===== Provided data =====
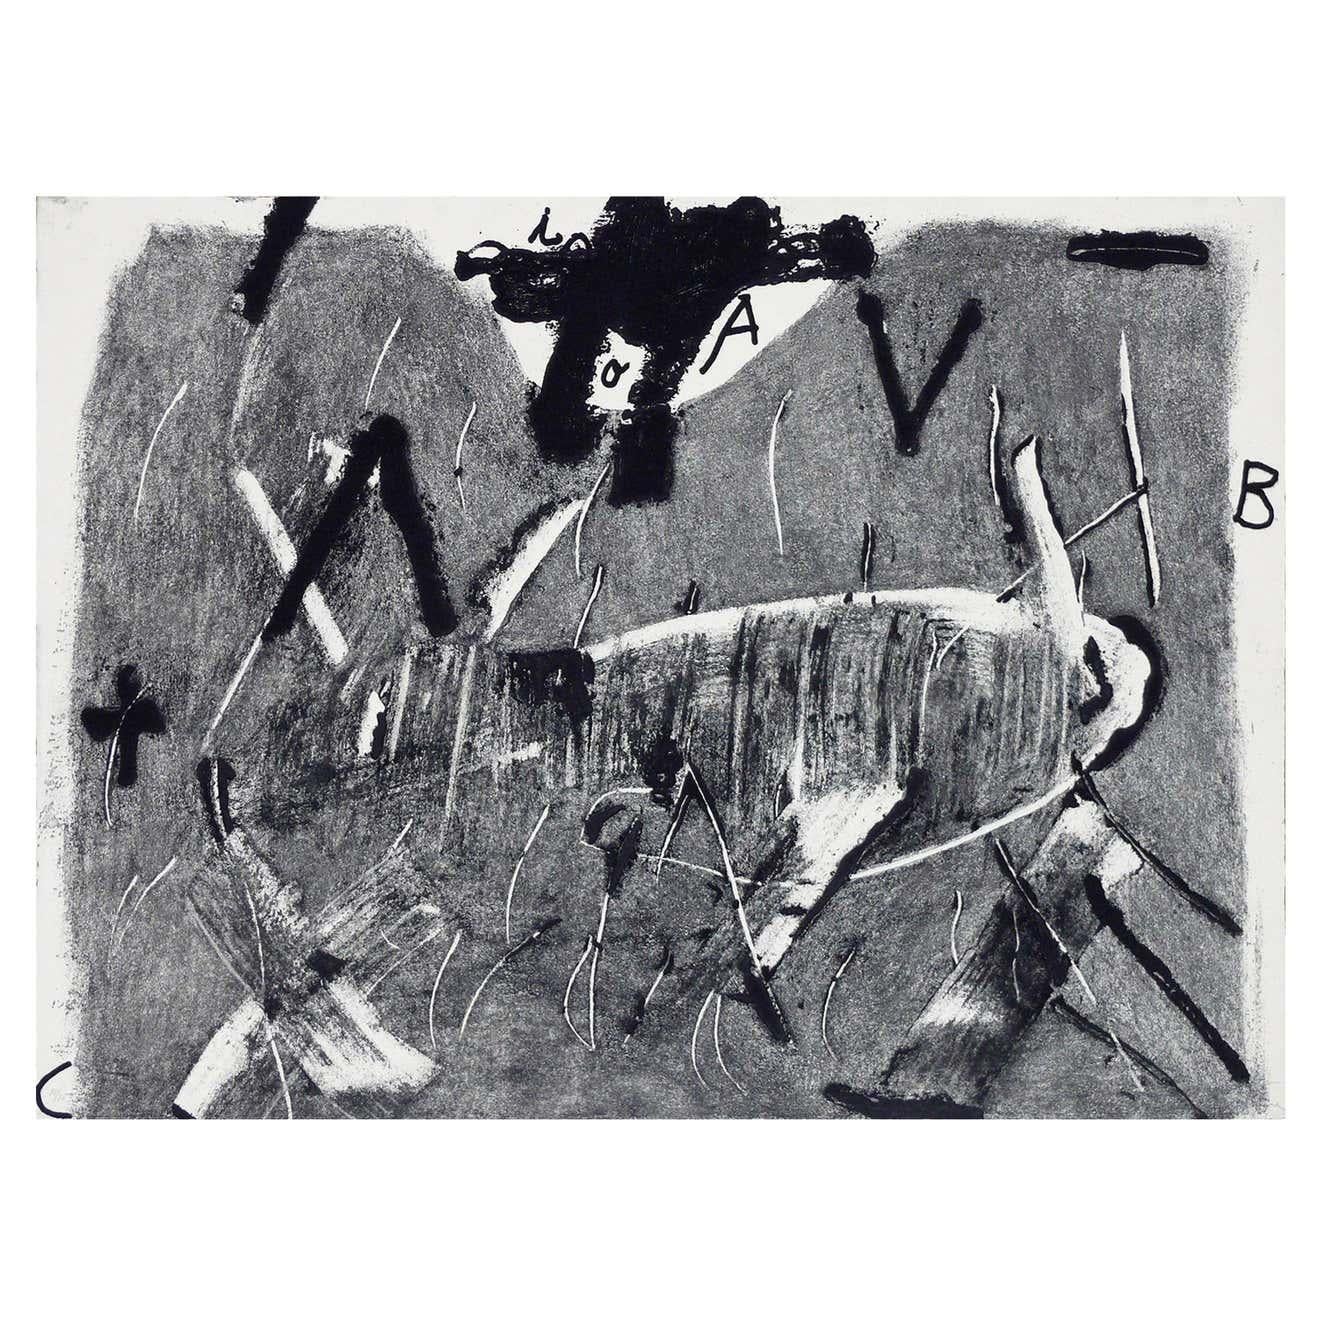 'Lletres i Gris' etching by Antoni Tàpies, 1976.

Etching with etching, drypoint and additive techniques on Guarro paper.

Signed and numbered. Limited edition of 75 copies.

In original good conditions.

Born in Barcelona, Antoni Tàpies
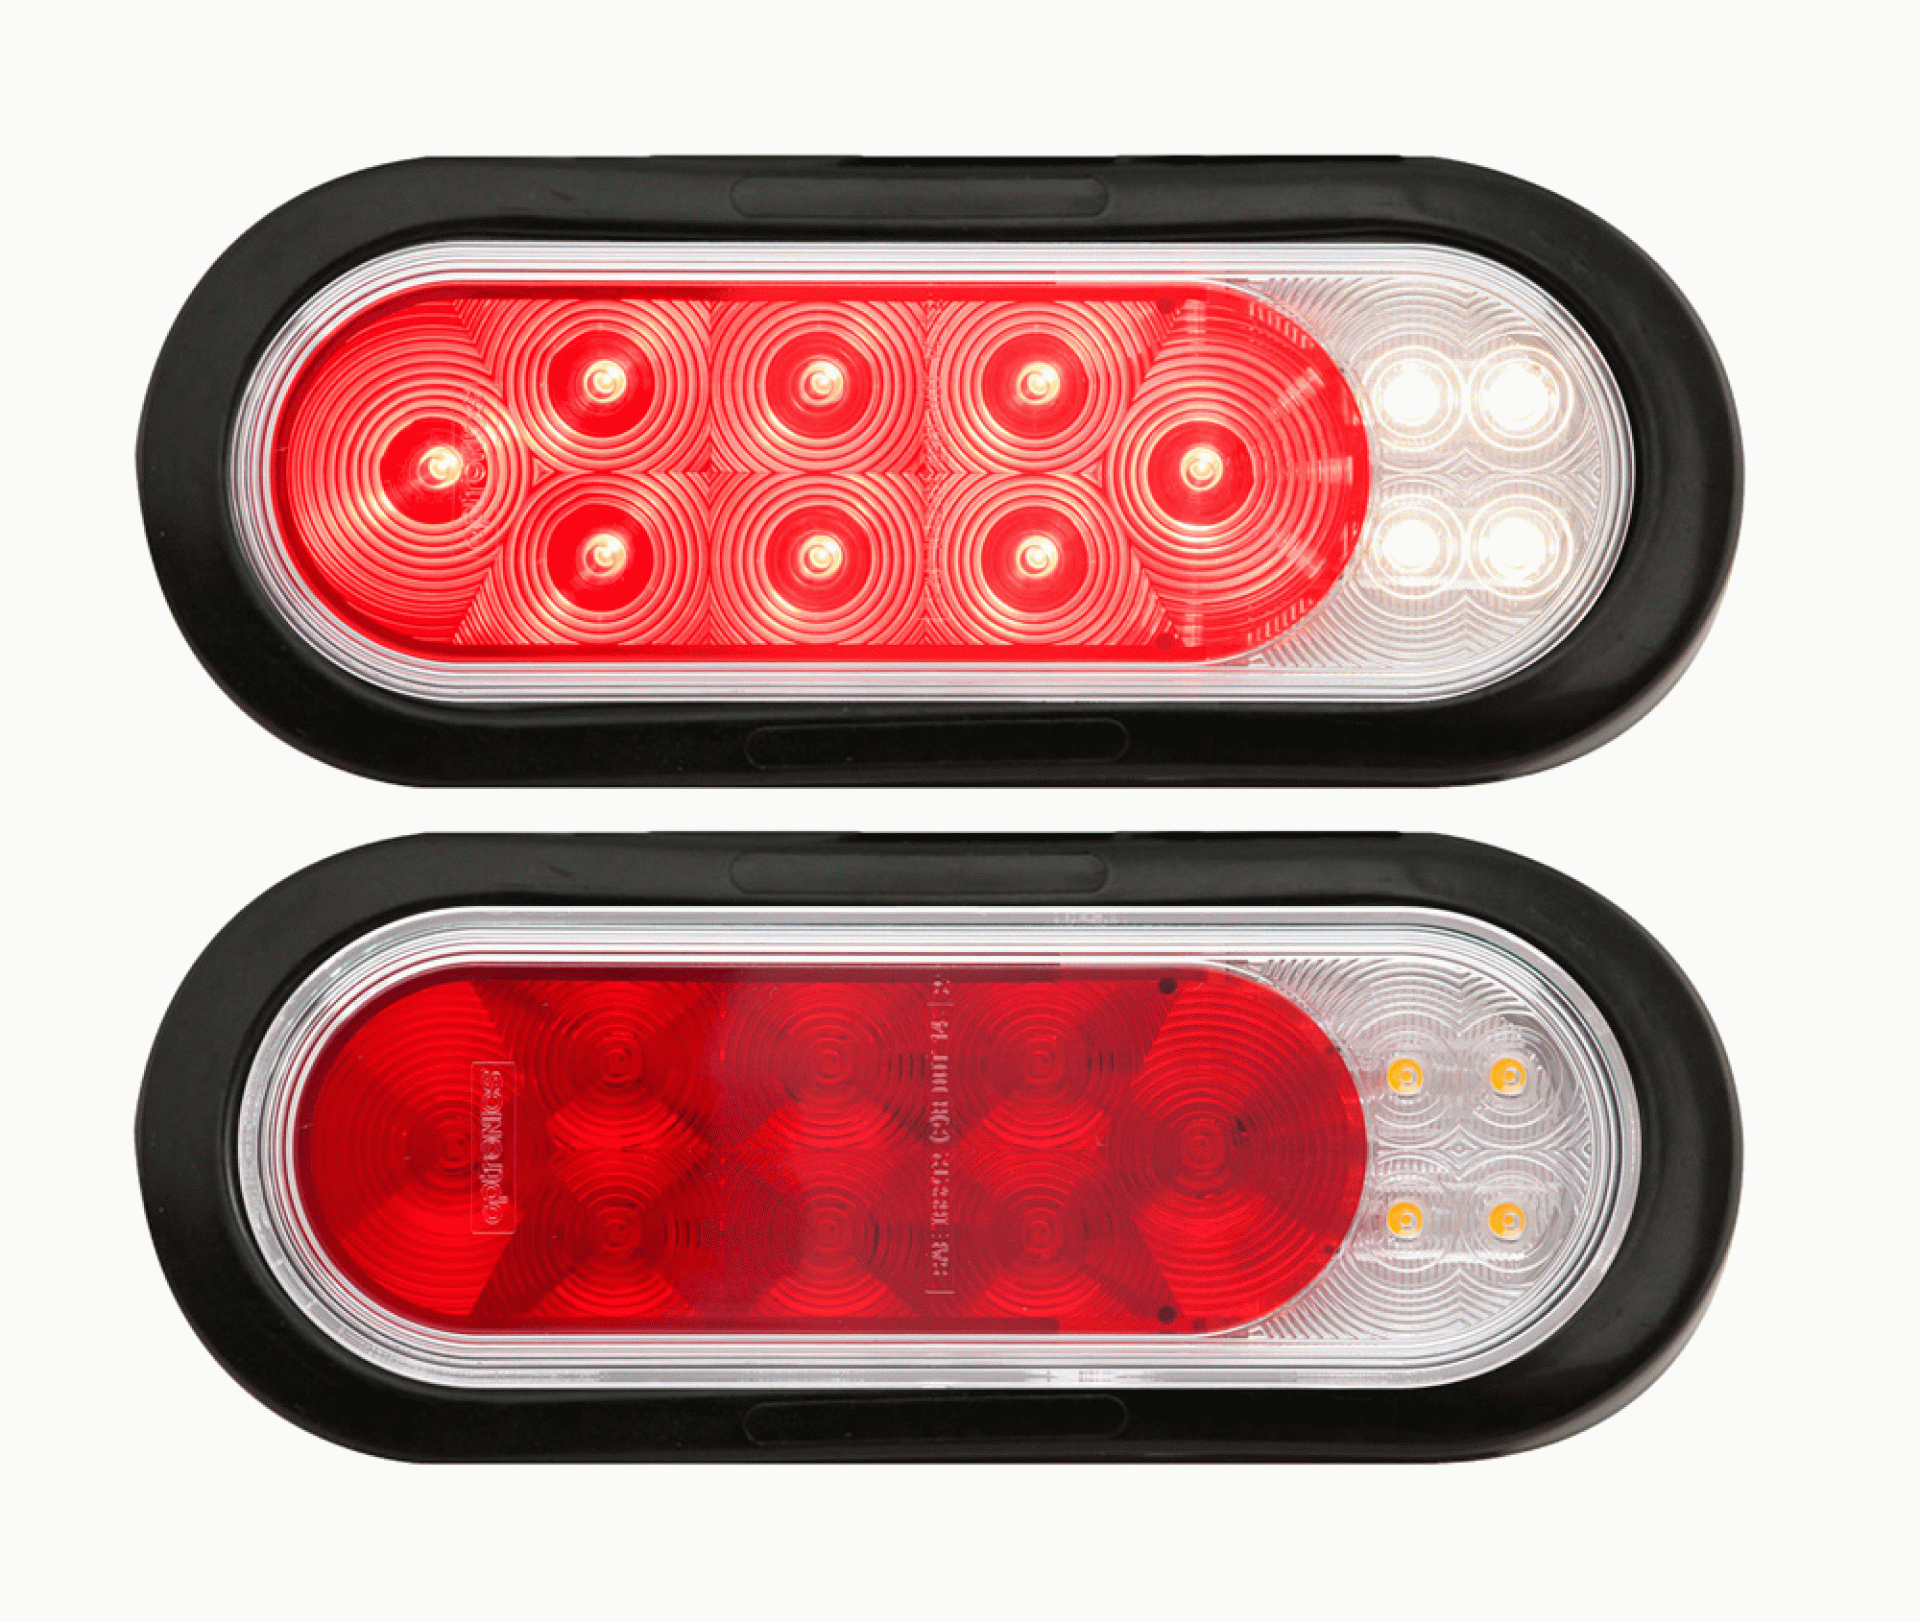 OPTRONICS INTERNATIONAL LLC | TLL211XRTMK | Fusion 6" LED Combination Stop/Turn/Tail/Back-Up Light KIT RED AND WHITE 16 DIODES
=====
Exercise aim
Drop the pictures and reproduce the rest of the entries above exactly.

Task solution
 'Lletres i Gris' etching by Antoni Tàpies, 1976.

Etching with etching, drypoint and additive techniques on Guarro paper.

Signed and numbered. Limited edition of 75 copies.

In original good conditions.

Born in Barcelona, Antoni Tàpies
 OPTRONICS INTERNATIONAL LLC | TLL211XRTMK | Fusion 6" LED Combination Stop/Turn/Tail/Back-Up Light KIT RED AND WHITE 16 DIODES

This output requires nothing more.